Bir yilmaz guney filmidir. Lisede arkadaslarla cikarmaya calistigimiz derginin adidir da.. ismi cok komunist bulunup izin verilmemisti. Simdi bakiyorum da pek komunist bir havasi yok ama hala yilmaz guney filminin adi. Ne olurdu yilmaz guney de az fasist olaydi! Cikmadi dergi onun yuzunden, cikamadi..
2 gün sonra ayrılacağım ondan ve gerçekten bu yaşta bile o hüznü kabullenemiyorum .

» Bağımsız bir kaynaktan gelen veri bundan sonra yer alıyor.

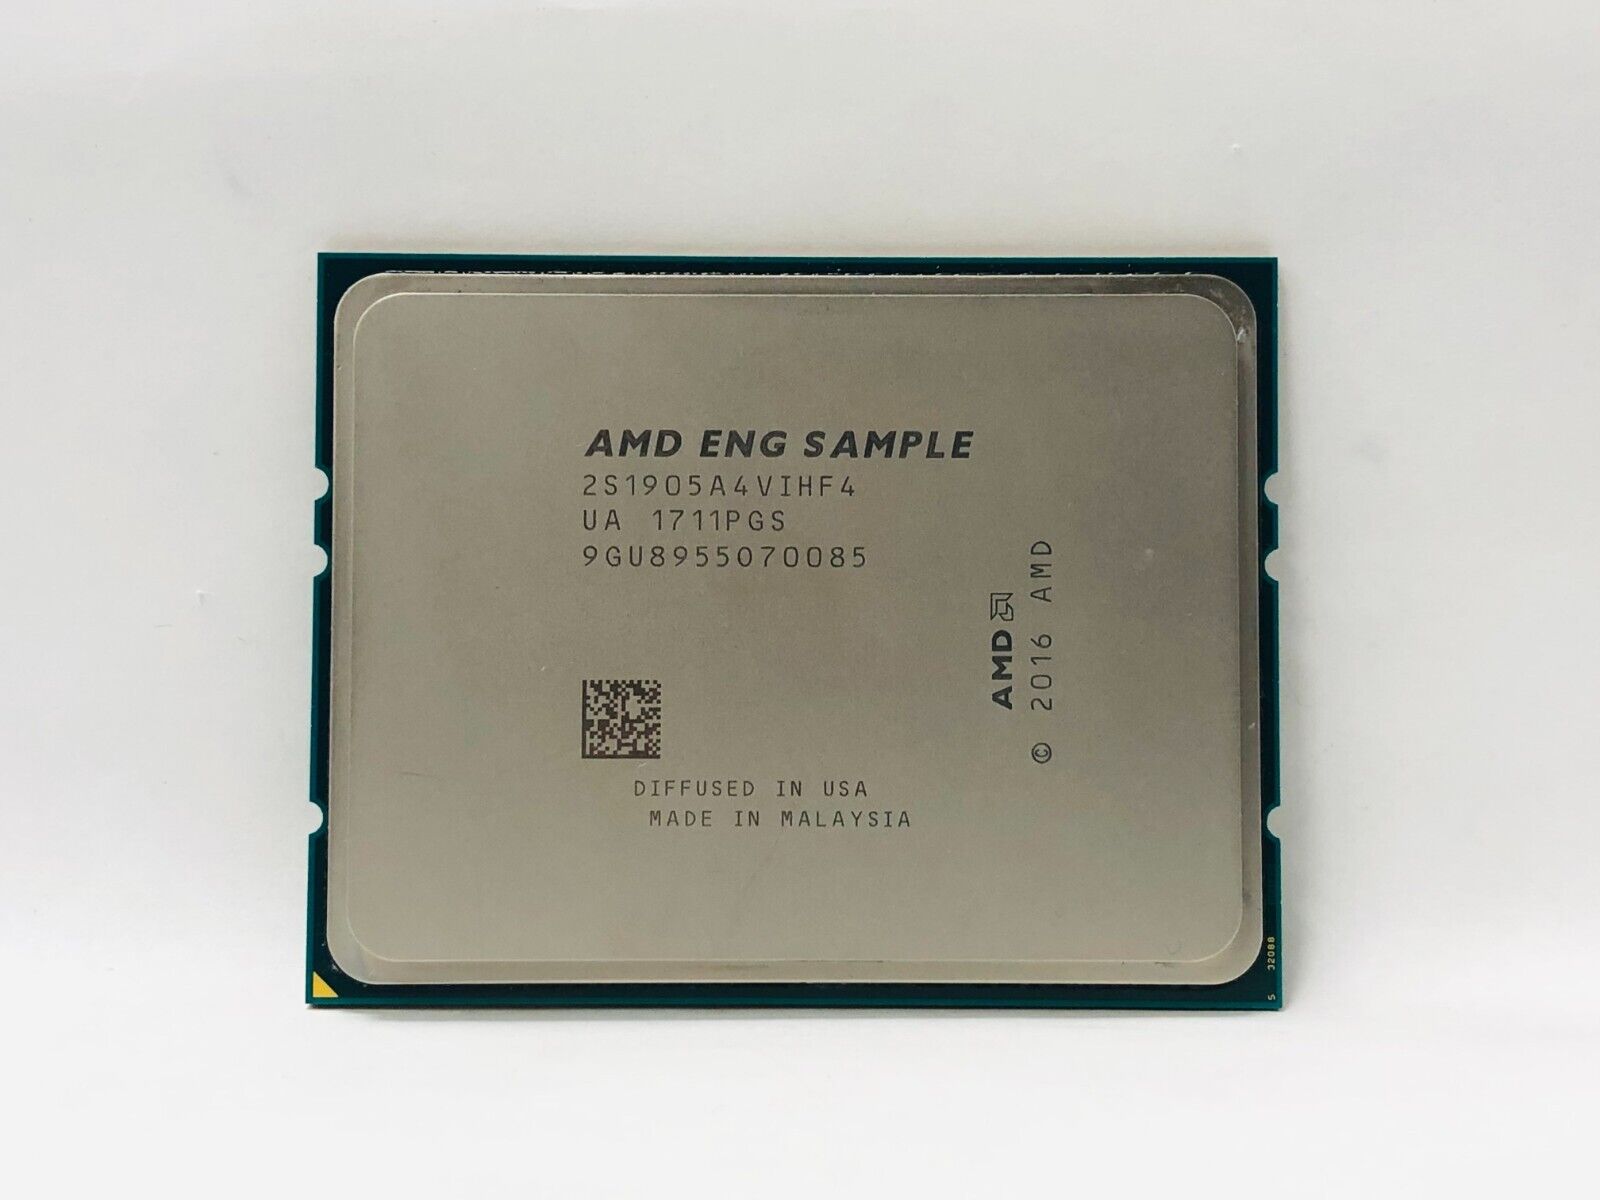 AMD Eng Sample 2S1905A4VIHF4 1.90GHZ 64MB 32-Core 180W CPU PROCESSOR
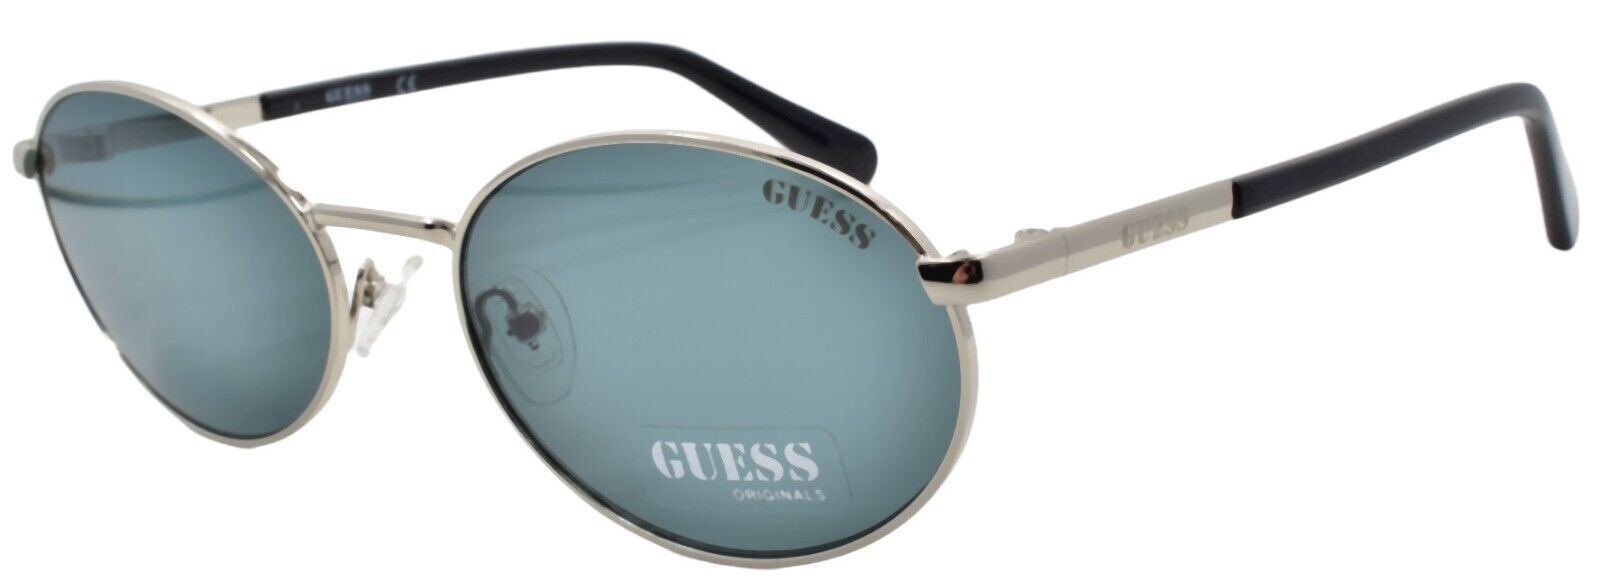 1-GUESS GU8235 10N Unisex Sunglasses 57-19-140 Shiny Light Nickeltin / Green-889214282309-IKSpecs

içkimizi yudumlarken iğrenç espriler yapıp güldüğümüz zamanları çok özleyeceğim mesela . Tunalı Hilmi'de aylak aylak gezmelerimiZi , her hafta gittiğimiz Kartal yuvasını , izlediğimiz Beşiktaş maçlarını , sürekli saçlarımla dalga geçmesini ve daha bir sürü şeyi .Bir daha aynı şehirlerde yaşayabilir miyiz hiç bilmiyorum , zaten en çok bu üzüyor .
Bir erkek ve bir kadın ancak bu kadar güzel arkadaş olabilirdi...
her arkadaş ilişkisinde her zaman bir taraf daha ciddi bir taraf ise daha nasıl söylesem rahattır(güleç, kafasına bir şey takmayan, bazen ezilen).
o rahat olanın söylediği şey bazen hiç dinlenilmez. hep o lider olan arkadaşa uyulur. ama o ikinci arkadaş ise birinci arkadaşa karşısındakinin ona verdiği değerden daha fazla değer verir.
sizden istediğim tek şey ise o ikinci arkadaşa biraz daha değer verin.
o sizin hep iyiliğinizi ister. sizi hiçbir zaman satmaz. onun değerini bilin.
Beklentilerin ölçüsünde gerçek yüzlerini gösteren varlıklar,
bu dünyada hepimiz benciliz, arkadaş seçerken bile istemli ya da istemsiz kendi iyiliğimizi düşünürüz,
onların sorunlarını çözmeye çalısırken bile vardır o içimizdeki menfaat duygusu,
bir nevi kazan kazan ilişkisidir arkadaşlık, mutualist iki bakteri gibisinizdir arkadaşlarınızla,
ama ne zamanki verdiğinizden fazlasını isterseniz o zaman menfaatinden arkadaşlık sallantıya girer.
bunun için arkadaş seçerken, kişi seçiminden sonra ikinci önemli nokta beklentileri doğru ayarlamaktır.
Zira karşıdakinden beklentileri arttırdığınız anda arkadaşlığınız sallantıya girer hatta ondan nefret edebilirsiniz.
Çünkü sonuçta karşı tarafta kendi menfaatinden başka bir şey düşünmemektedir.
Aslında kimse arkadaşını sevmez. Salt ona mecbur olduğu için, yalnız kalınca canı sıkıldığı için arkadaşını seviyormuş gibi yapar. Dünya başka türlü akmaz. Sevmek en büyük egodur. insanoğlu salt kendisini sever. Başka bir sevgi yoktur. Kendini dahi sevmeyen insanlar tanıdım. Ama bunu komple yapacaklarını sanmıyorum. Baştan sona olamaz. Sevgi bölük pörçük bir histir. Öfke ile anlaşamaz.
Herkes buna karşı çıkacaktır fakat hepimizin içinden geçenlerin özeti budur aslında. iç ses yalan söylemez. işimize geldiği gibi bir kavramdır arkadaşlık. Onlarla da onlarsız da olmaz. Fakat napıyoruz çaktırmıyoruz. Kendi fikrimizle çelişeni yalıyoruz en son. Kanka hukuku bunu gerektirir.
Dostla karıştırılan ikili ilişki biçimi. Dostunuz sizi eleştirir yeri geldiğinde ama satmaz, dar Gününüzde yaninizdadir, dedikodunuzu yapmaz, başkalarına laf soyletmez hakkınızda hem vefakar hem cefakardir dostlar. Arkadaşlarin arasından seçilir dost dediğin.
ne çok söylerdik bu şarkıyı etüt akşamlarında lisede yurttayken. geleceğe dair hayaller kurardık. ölene kadar görüşeceğimize yeminler ederdik. unutmayacaktık hiçbirimiz birbirimizi.